My brand new Ati X800xl is showing large errors in scan for artifacts right away on default speeds and what is strange I borrowed my friends EXACT same card put it in my system and no errors.Use old more compatible scanning stops the errors.Whats wrong is my card defective?Its brand new!


----------



## djbbenn (Jun 18, 2005)

What are the errors your getting? Try your card in your friends system. If it does the same thing, just return the card for a new one. It doesn't sound software if your friends worked fine in your system.

-Dan


----------



## Millennium (Jun 19, 2005)

I also have this problem on an Asus X800XL at stock speeds. I think it gets worse if you try to overclock it (even if the clocks are then reset) or if you leave it running a while. Is this a thermal design issue? I changed the GPU heat transfer paste though perhaps this was it.

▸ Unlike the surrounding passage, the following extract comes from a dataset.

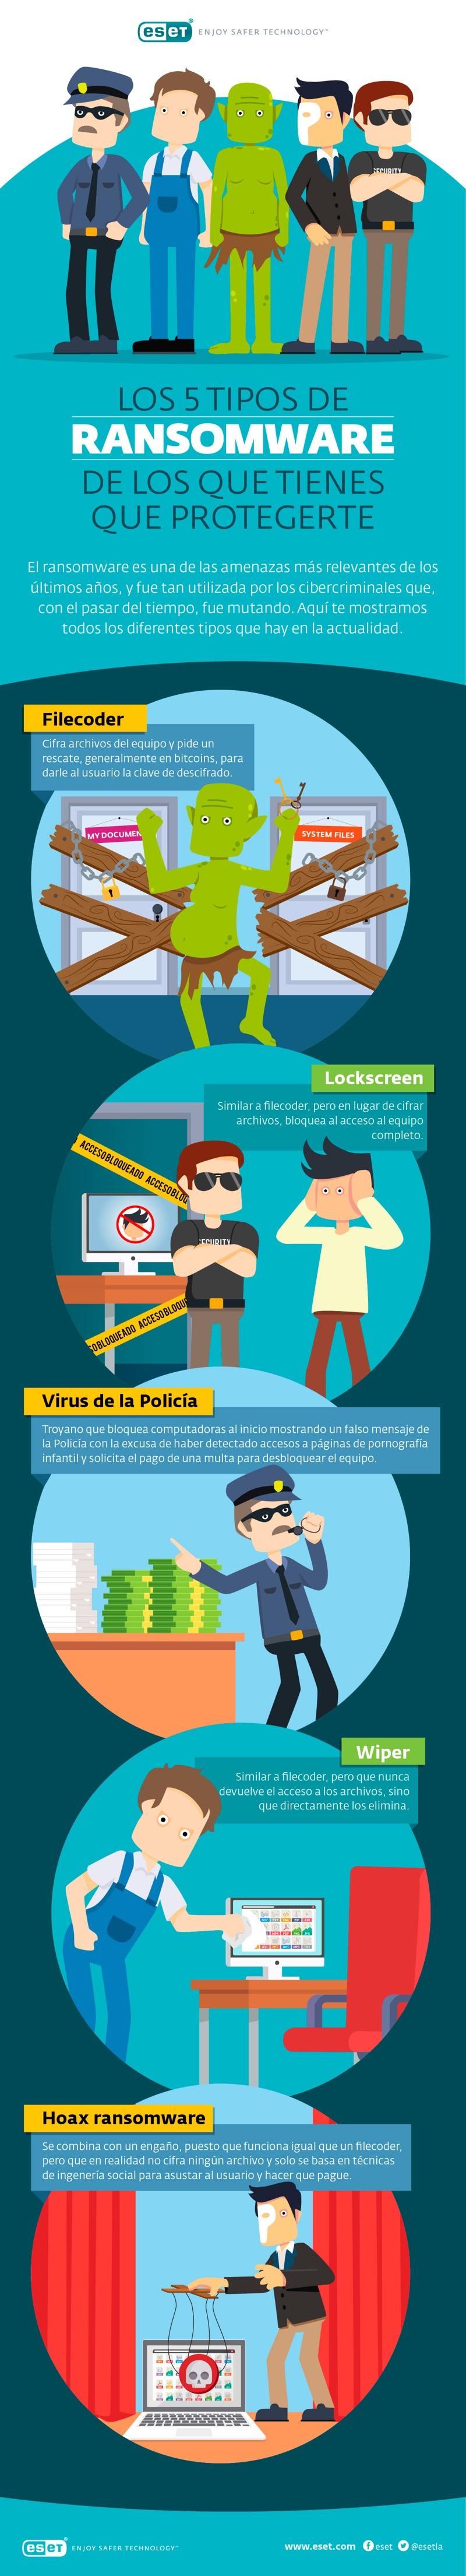 Los cinco tipos de ransomware que más afectan a los usuarios - tipos-de-ransomware

Also I was reading elsewhere that Wizard said this test isnt that great on X800s at the moment, are there any alternatives?


----------



## Millennium (Jun 21, 2005)

*bumpage*


----------



## gR3iF (Jun 21, 2005)

a 6600gt oc per stock but the alternative would be a 68ultra for 300 bugs

its avaible here in germany for pcie and agp
by gainward or aopen


----------